The course is split between classroom activities, practical sessions in the apiary and lively discussions over coffee and cake. The bees can raise queens from a wide range of larvae ages, however, the quality of the resultant queens, particularly their potential laying rate is influenced by the age of the chosen larvae.
In the image above, the larva second from right on the bottom row is around 1-2 days old and suitable to graft from. Lying in the bottom of the cell, the larvae should be about a fifth to a quarter of the (5.3mm) working cell width.
After experimenting with several different grafting tools (a 000 paintbrush was my preferred tool) larvae of the right age were placed into cups.

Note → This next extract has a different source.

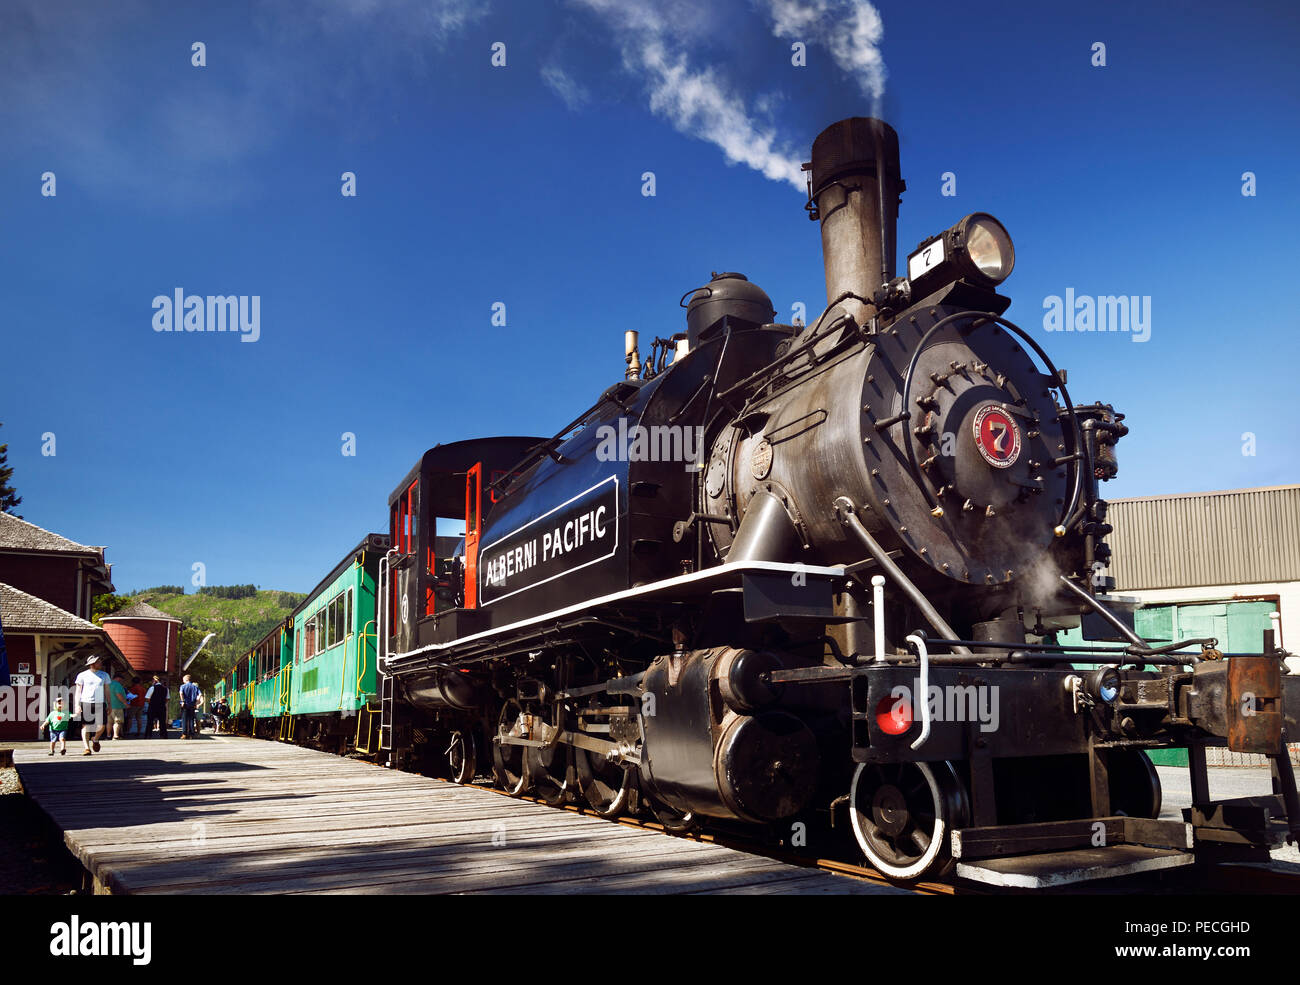 Alberni Pacific Railway locomotive à vapeur historique gare à Port Alberni, Alberni Valley, l'île de Vancouver, Colombie-Britannique, Canada 2018 Banque D'Images
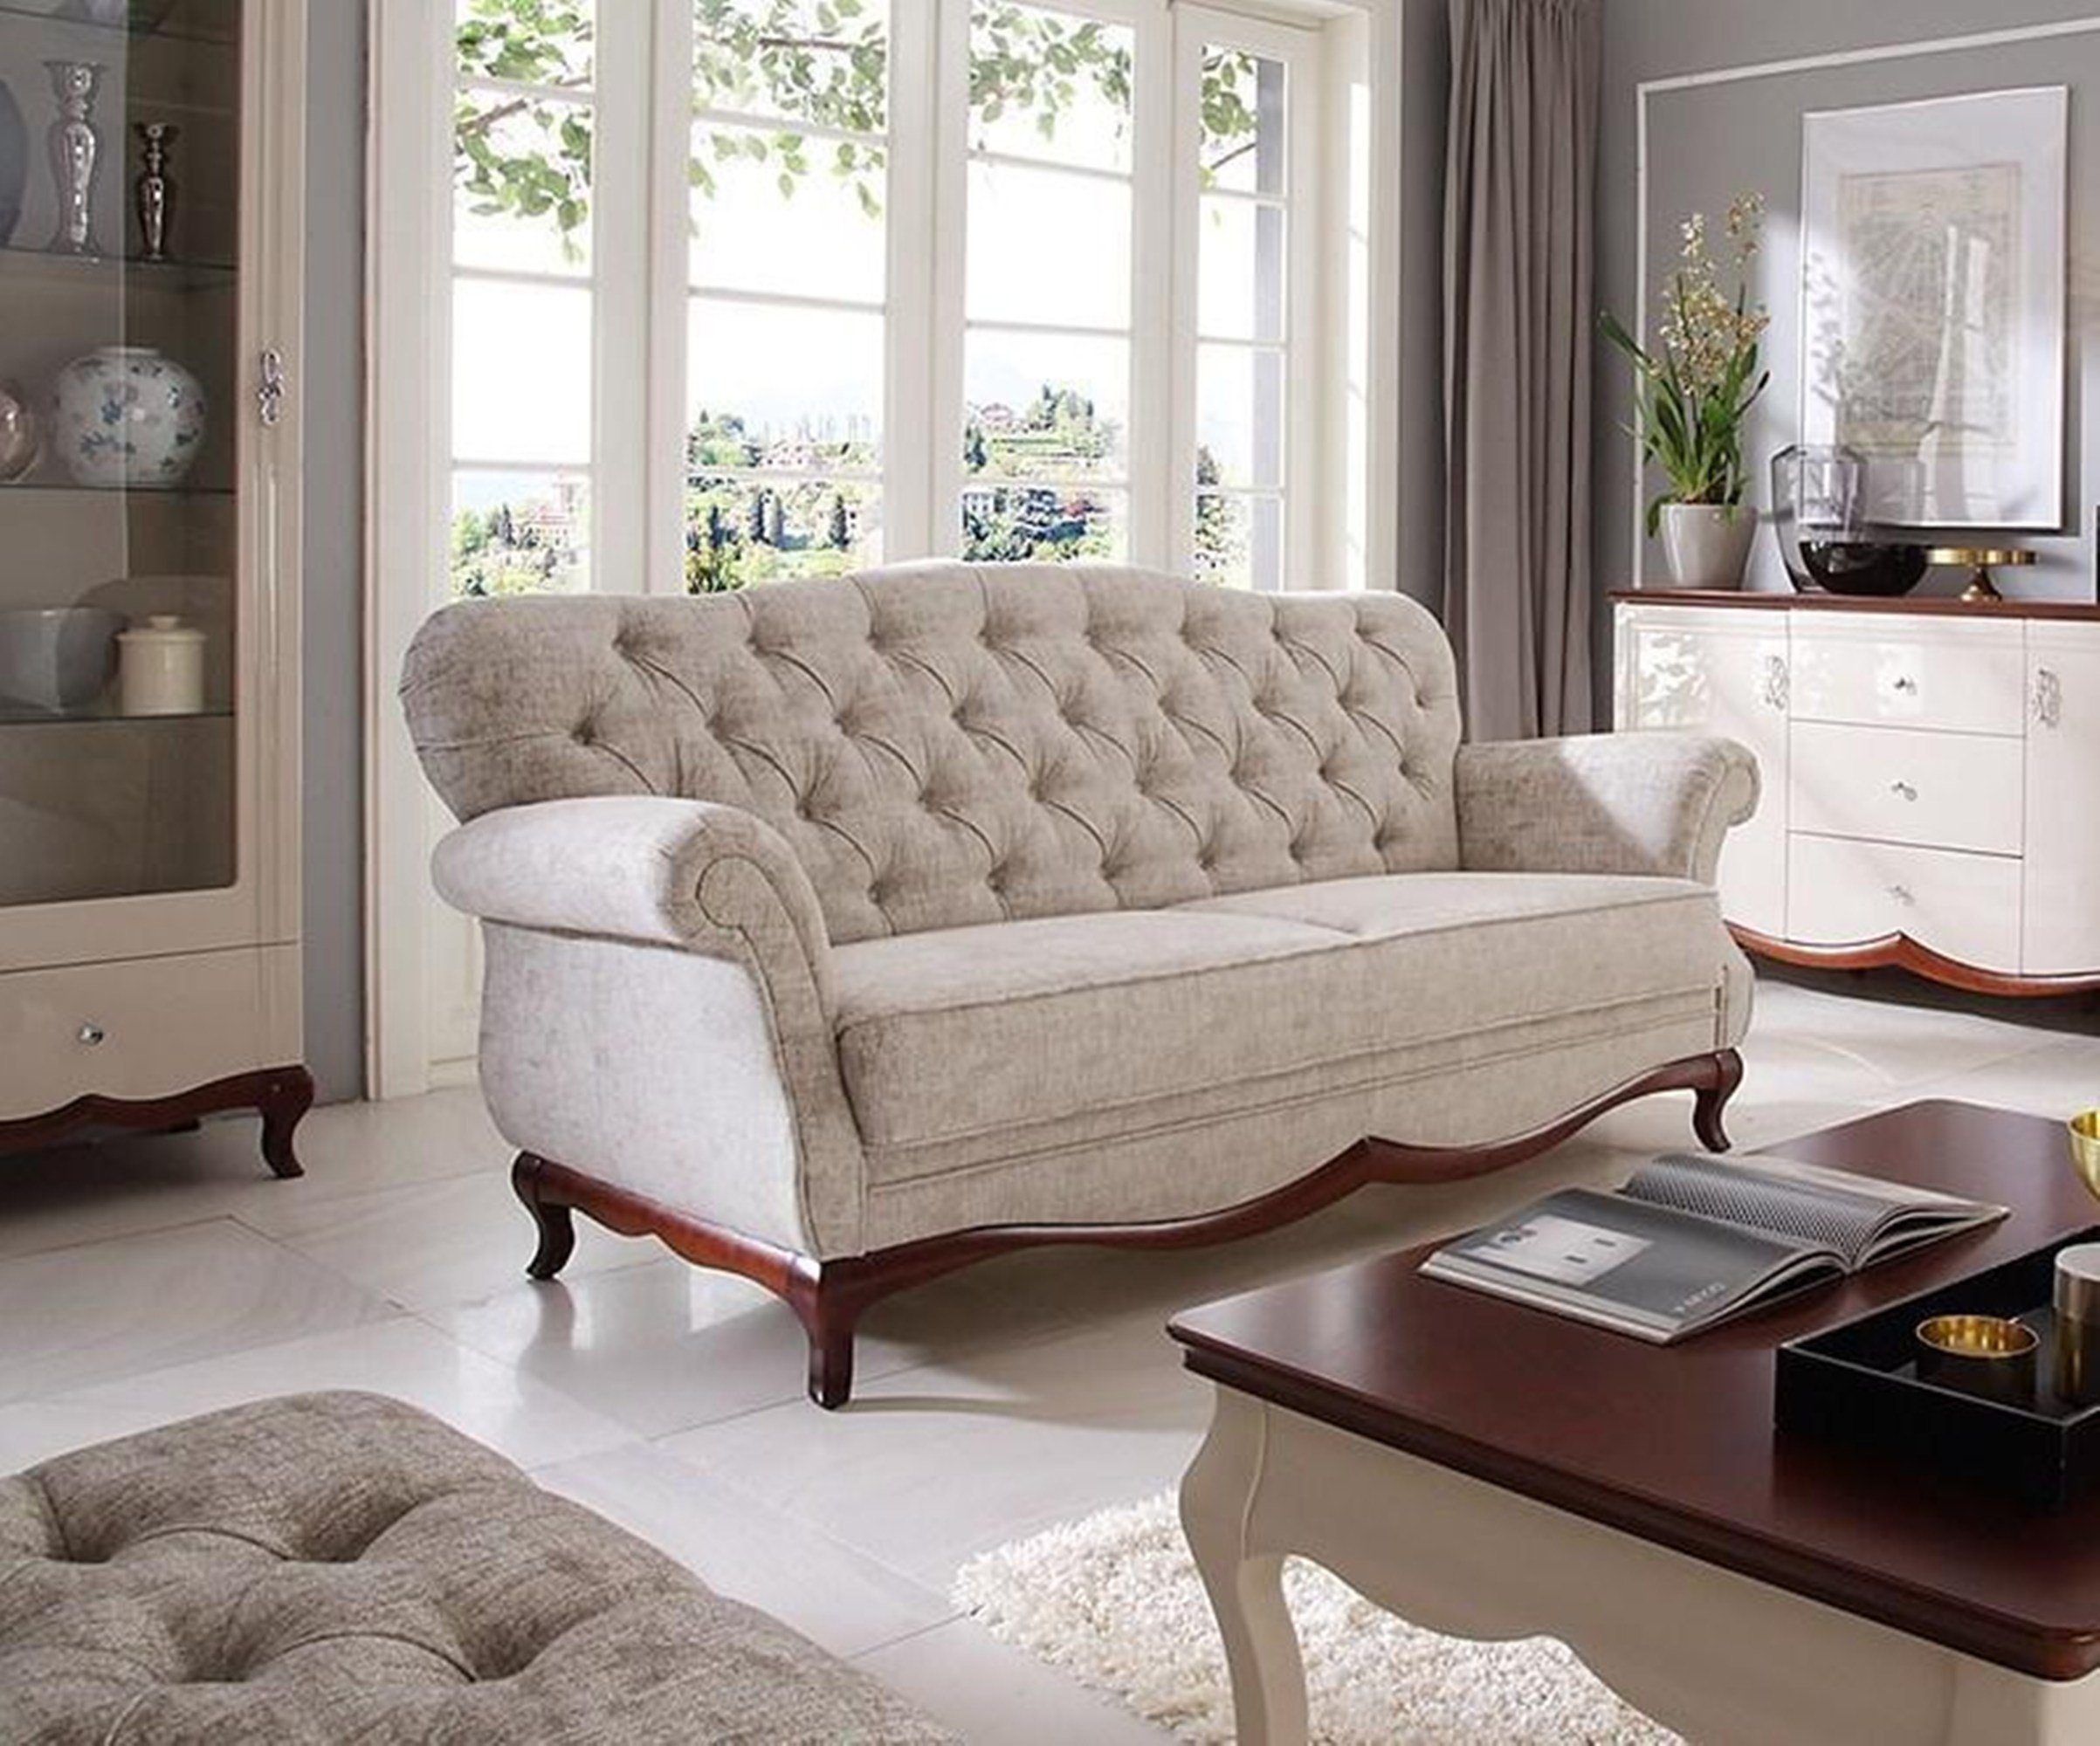 JVmoebel Sofa, Chesterfield Schlafsofa Sofa mit Bettfunktion Dreisitzer Couch Textil

The process was pretty straightforward – however, this was sitting at a bench, in the classroom. How easy would this be in the apiary, peering through the veil’s mesh?
Working outside we had to be quick, as the young larvae can be damaged by exposure to UV light and are susceptible to drying out. The acceptance rate is also very dependent on the state of the colony. One word of advice was not to give up if a whole bunch of grafts are rejected but to try again, and again – the colony needs to be in the right condition to raise queens. I was very pleased to see half my grafts accepted.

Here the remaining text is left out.